New Delhi: Sebi on Thursday asked bourses and clearing corporations to enhance trading, clearing, settlement and risk management systems to at least 1.5 times of the projected peak load as trade volumes soar at stock exchanges.
The Securities and Exchange Board of India (Sebi) has come out with the new guidelines after taking into account the recommendations of its technical advisory committee.
Over the years, bourses and clearing corporations have experienced an increase in volumes as markets have grown.
In a circular, Sebi has directed stock exchanges and clearing corporations to enhance trading, clearing, settlement and risk management related infrastructure capacity to "at least 1.5 times of the projected peak load".
The projected peak load will be calculated for the next 60 days based on the per-second peak load trend of the past 180 days.

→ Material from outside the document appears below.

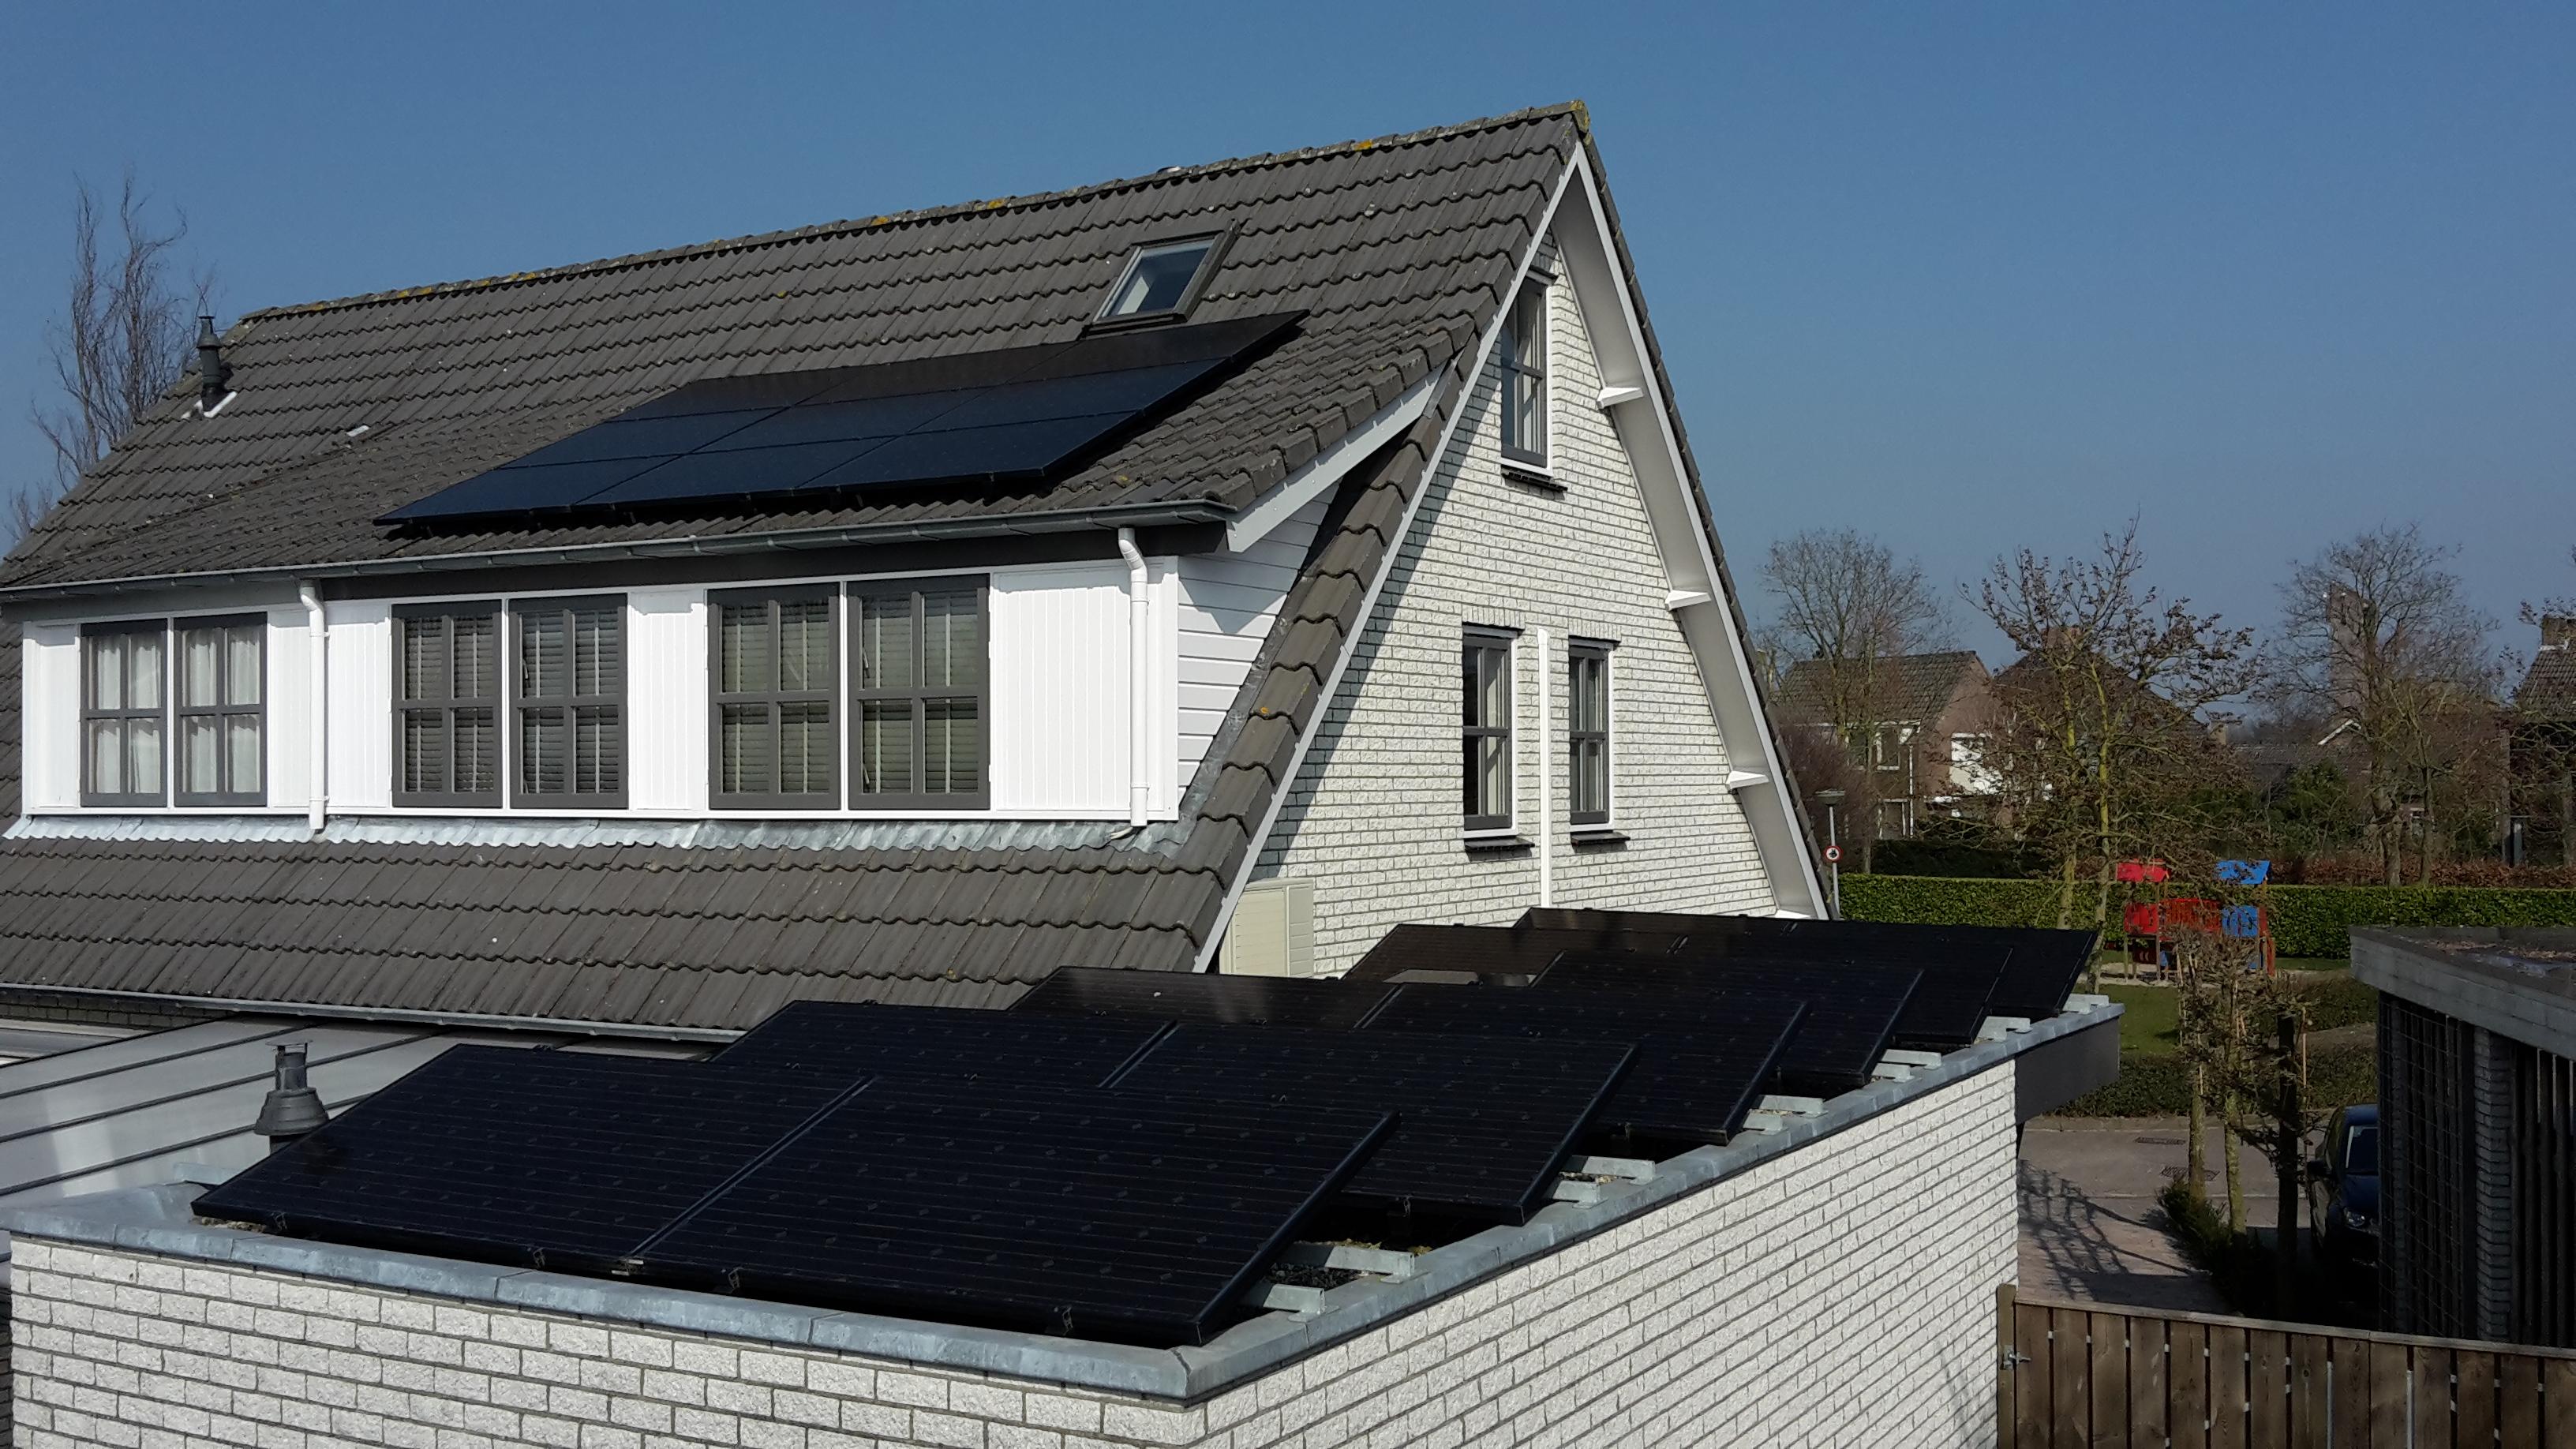 12 panelen plat dak - 9 panelen dakkapel

All systems in trading, clearing and settlement ecosystem will be considered in this process, including all technical components such as network, hardware, software, and will be adequately sized to meet capacity requirements.
In case the actual capacity utilisation exceeds 75 percent of the installed one, immediate action will be taken to enhance it.

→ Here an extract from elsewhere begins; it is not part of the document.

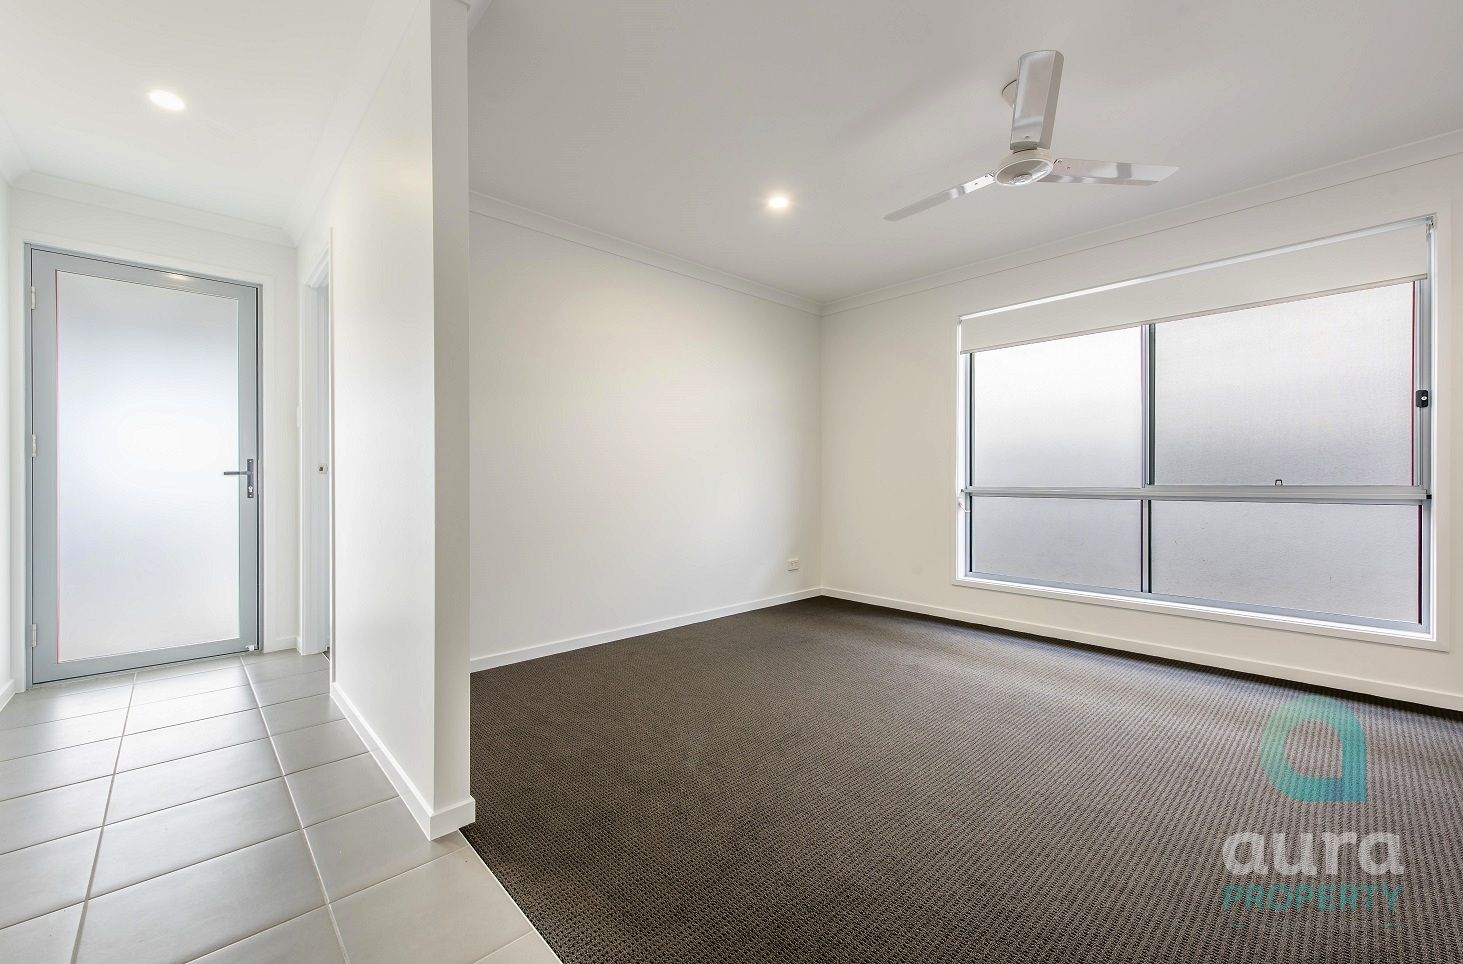 104 Steiner St, Caloundra West QLD 4551, Image 1

They have been asked to put in place necessary systems for implementation of the circular within three months.
Furthermore, they have been asked to implement suitable mechanisms, including generation of appropriate alerts, to monitor capacity utilisation on a real-time basis and will proactively address issues pertaining to their capacity needs.
The existing policy has been in place since 2008.
Under the existing norms, the per-half-hour capacity of the computers and the network should be at least 4-5 times of the anticipated peak load in any half an hour or of the actual peak load seen in any half an hour during the preceding six months.